明らかに都会とは違う陽光の眩しさ。
庵に近づくにつれ、空気が澄んでいくことが肌にも胸にも感じられます。
この生成りの自然が残る山里に、陶芸のために建てられた古い民家があります。
敷地内の野原は、鬼ごっこをして駆け回れるほどに広く、側には小川のせせらぎ。建物の裏山は椿に覆われ、登り窯が築かれています。ここの主が、茶道の師範でもある小林先生。都内の高校で国語教師として40年程努める間、教え子たちに茶道と陶芸を教えてきました。
2003年春より居を移し「みんなで遊べりゃいいんですよ」との言葉通り、のんびりと日本の伝統文化と自然にふれる場を作るに至ったのです。レッスンは手びねりから始め、ゆくゆくは電気釜でも良いので、各自で焼けるよう育ってほしいと願っているそう。

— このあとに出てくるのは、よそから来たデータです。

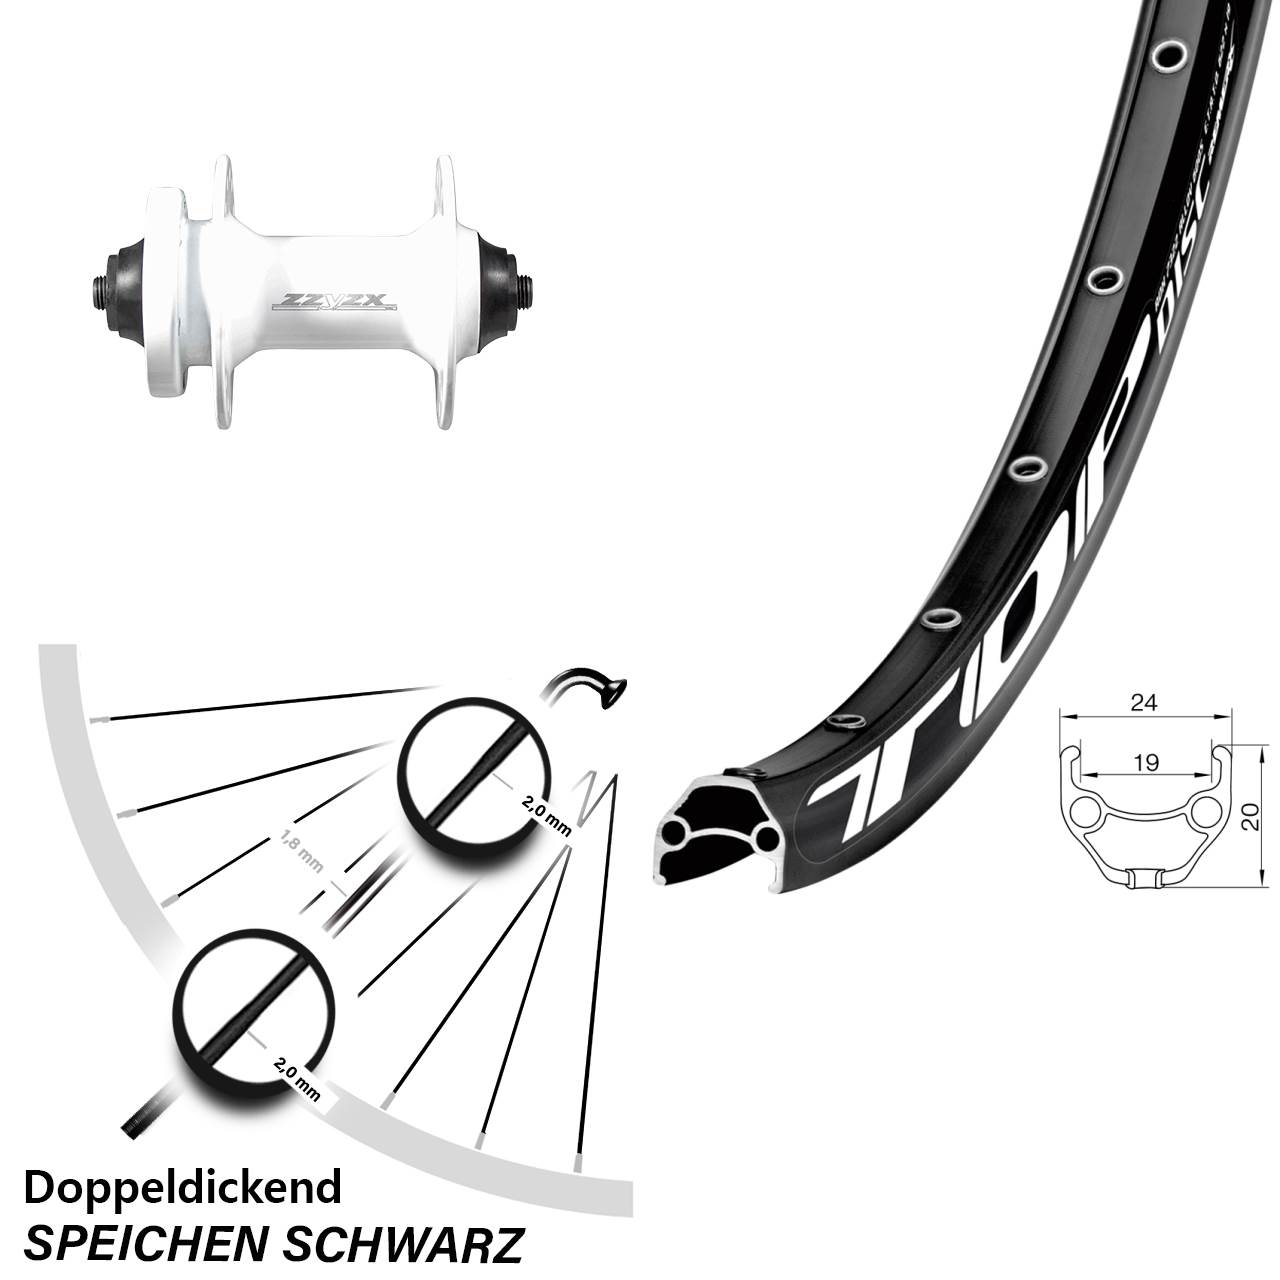 Formula ZZYZX weiss Vorderrad Remerx Disc 6-Loch Schnellspanner 28-29 Zoll
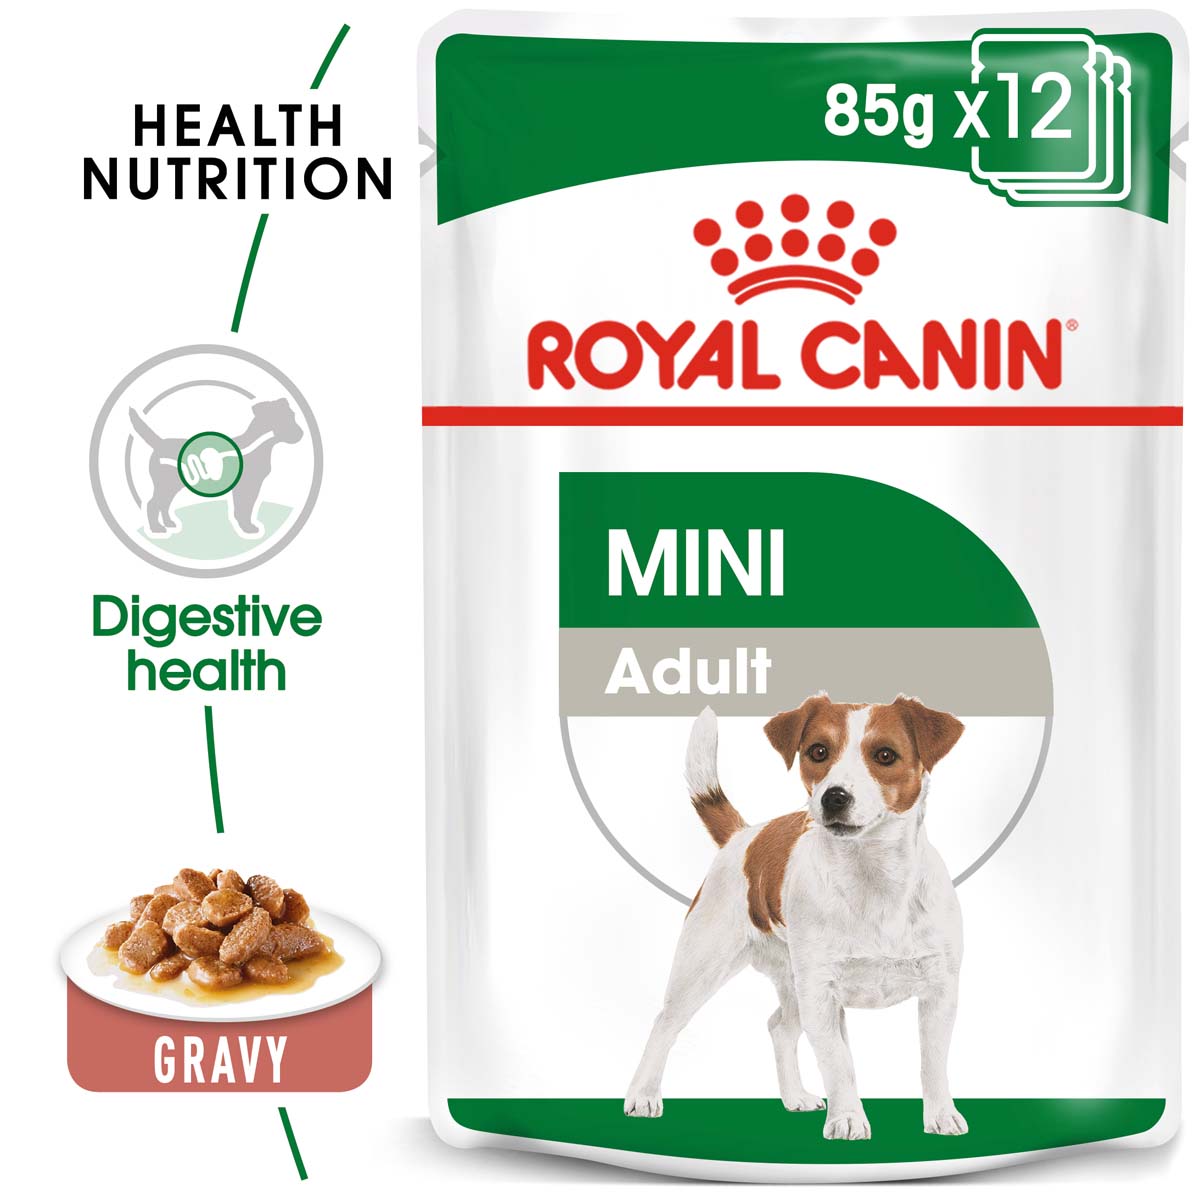 ROYAL CANIN MINI ADULT kapsička pro dospělé malé psy

遠足気分で朝から日暮れまで過ごし、沢に沈む夕日を見て帰って下さい。お土産に山野草や、山の幸を摘んで帰りたくなる、そんな隠れ家です。
人の心を落ち着かせ、和ませる抹茶。日本に伝えられたのは今からおよそ八百年くらい前の鎌倉時代です。
やがて室町時代そして続く桃山時代に、抹茶を飲みながら豊かな時を過ごす工夫がなされて、日本独特の文化「茶の湯」が生まれました。
その後、茶の湯も時代とともに変遷を続け、風流な遊びから社交接待に至るまで拡がり、やがて稽古事という、作法を中心とした茶道が今日まで続いてきました。
当家もそうした流れをくむ茶家の一つで、江戸千家と称しています。